• _Problem to solve_: Word for word, copy the records and drop the pictures.

• _Data_:
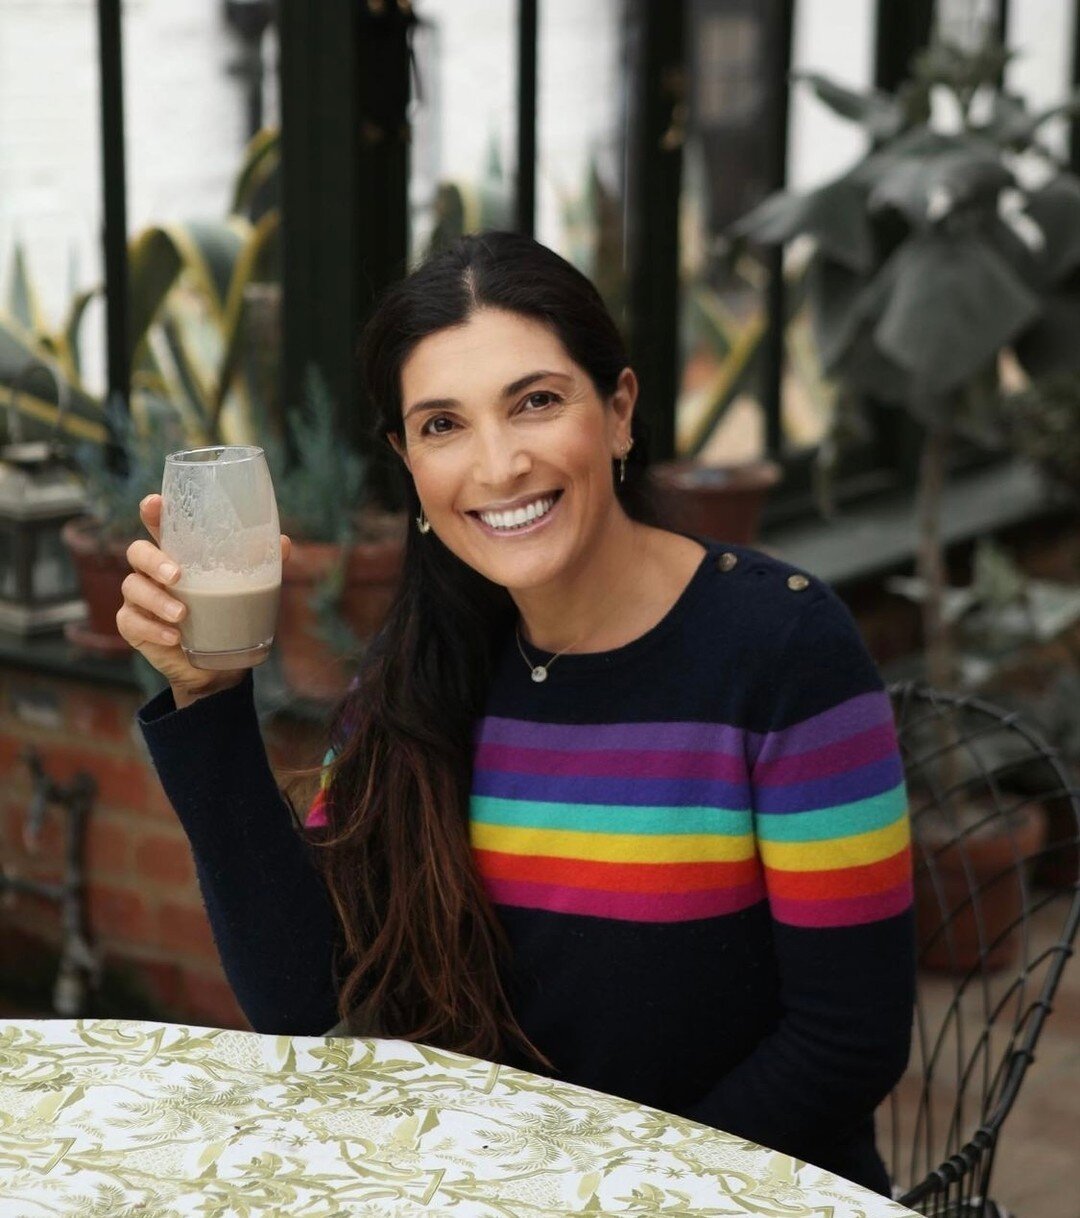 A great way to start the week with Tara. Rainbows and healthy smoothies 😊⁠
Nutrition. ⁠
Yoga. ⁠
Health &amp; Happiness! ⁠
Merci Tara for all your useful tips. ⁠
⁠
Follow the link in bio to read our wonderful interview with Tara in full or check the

• _Solution to this task_:
 A great way to start the week with Tara. Rainbows and healthy smoothies 😊⁠
Nutrition. ⁠
Yoga. ⁠
Health &amp; Happiness! ⁠
Merci Tara for all your useful tips. ⁠
⁠
Follow the link in bio to read our wonderful interview with Tara in full or check the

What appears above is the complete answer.